Weak lensing surveys, like HSC, prefer a slightly less solid Universe (left) than the predicted Planck model (right). The images show a small, but noticeable difference
Recently, researchers managed to release the deepest extensive three-dimensional map of the distribution of matter in space. This allows you to increase the accuracy of the restrictions for dark energy with the help of the review of Hyper Suprime-Cam (HSC).
The modern universe is a rather large place. The space has expanded over the past 14 billion years, weaving galaxies and dark matter by gravity and creating an amazing landscape with voids. Gravity attracting matter also affects our vision of astronomical objects. When light travels from distant galaxies to the Earth, gravitational attraction from other objects in the path bends the glow. As a result, the observed galaxies are distorted due to the phenomenon of gravitational lensing. Within such distortions, there is a large amount of information that allows for a better understanding of the distribution of matter in the Universe and the nature of dark energy.
The HSC map is based on data from the Japanese Subaru telescope and allows researchers to measure gravitational distortion in images from 10 million galaxies.
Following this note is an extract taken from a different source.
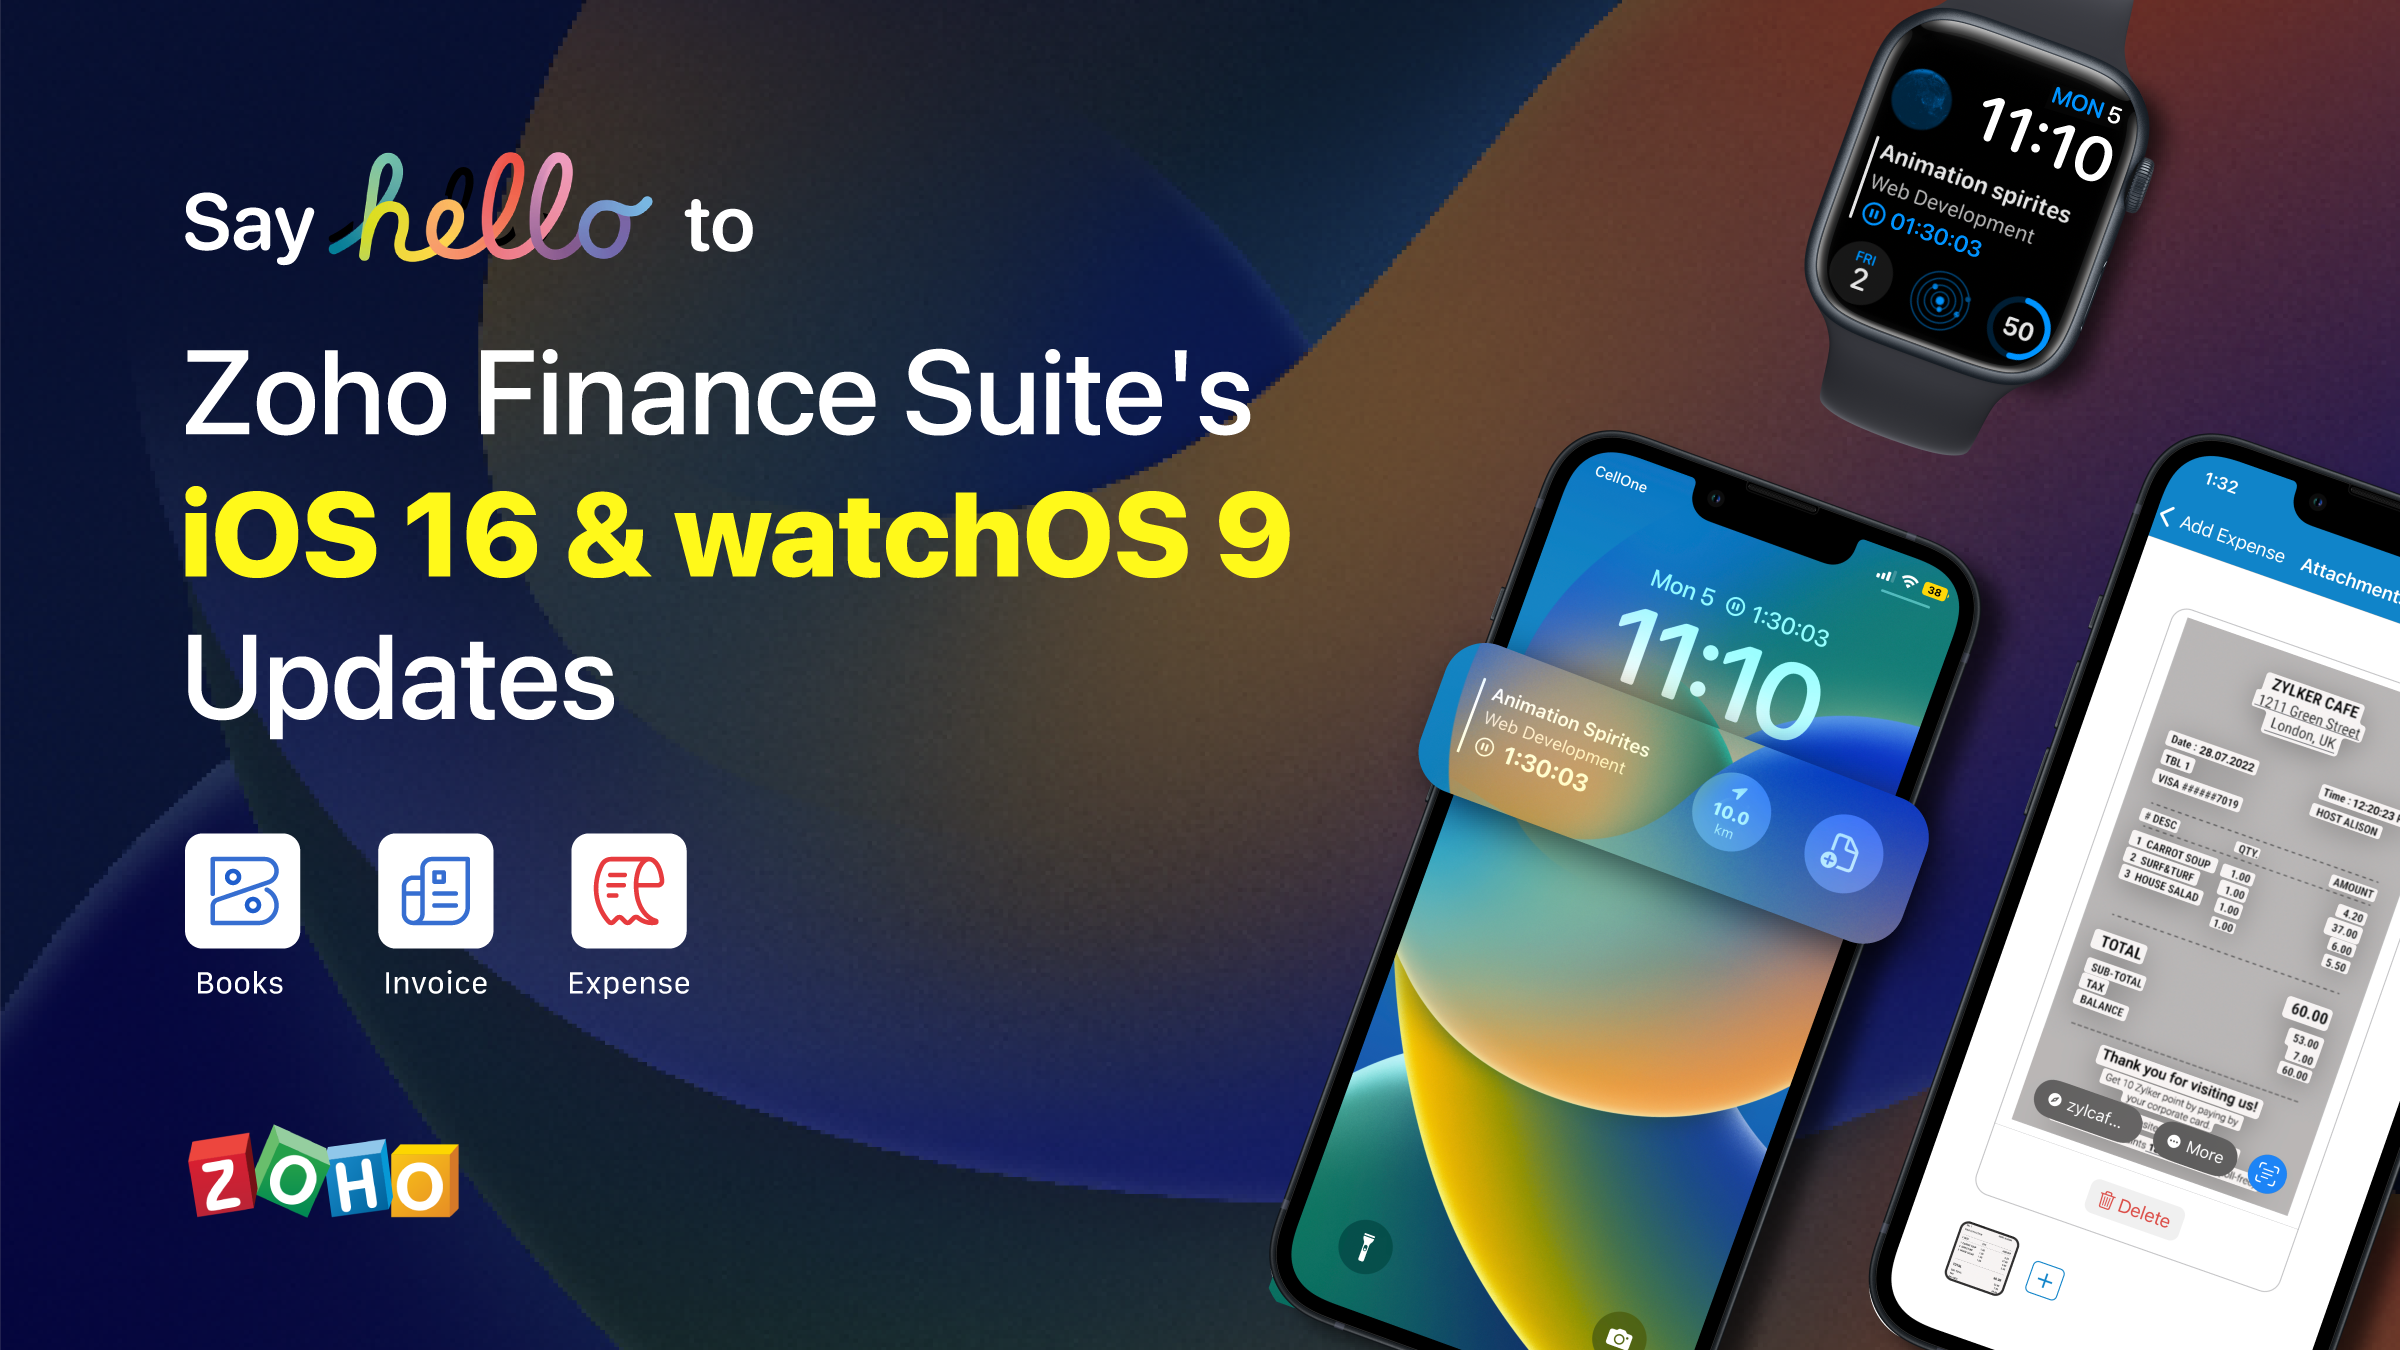 Everything You Need To Know About Zoho Finance Suite’s iOS 16 and watchOS 9 Updates From WWDC 2022!

Left: Three-dimensional map of the dark matter of the Universe, derived from one of the six HSC observation zones and displayed in the background with different shades of blue (bright areas are dark matter). The map was derived from the distortions of galactic forms, indicated by white lines. Their length conveys the magnitude of the distortion, and the angle corresponds to the direction. Right: Measurements are activated by light from distant galaxies passing through the Universe and deviating matter in different eras HSC scans the nearest Universe in a narrower, but deep form, due to which it is possible to study the weaker galaxies and form a clear map of the distribution of dark matter.
The researchers compared the new map with the fluctuations predicted by Planck’s satellite observations. HSC measurements were lower, but the Planck model was statistically consistent. The situation with lower results still makes one doubt whether the dark energy leads itself as Einstein's cosmological constant.
Cosmological constraints on the cluster of the universe today (S8) are predicted using observations of space at different times. The HSC measurement is displayed in red and is considered one of the most distant measurements using weak gravitational lensing. They should be compared with the results of Planck, obtained from observations of the background radiation in the earliest Universe, and other modern experiments KiDS and DES
The map provides a more complete picture of how much dark energy there is, revealing details of its properties and participation in accelerating the process of spatial expansion. Measuring distortion caused by gravitational lensing is difficult. The fact is that this effect is small, and distortions in galactic forms can be created by the atmosphere, telescope and detector. To get accurate information, scientists need to be sure that all effects are only about lensing.
The lensing studies, like HSC, prefer a much less solid Universe than Planck predicted. The images show a slight but noticeable discrepancy with the computer model. Is this a statistical fluctuation? Astronomers continue to collect more data to understand this issue.
Therefore, the team created detailed simulation data modeling for HSC based on images from the Hubble Space Telescope. In these simulations, we managed to find corrections to galactic forms in order to remove form distortions caused by extraneous effects. Results are extracted from the first year of HSC study data. In general, HSC should collect data for 5 years, which will even better reveal the behavior of dark energy and help to study the evolution of galaxies and massive galactic clusters.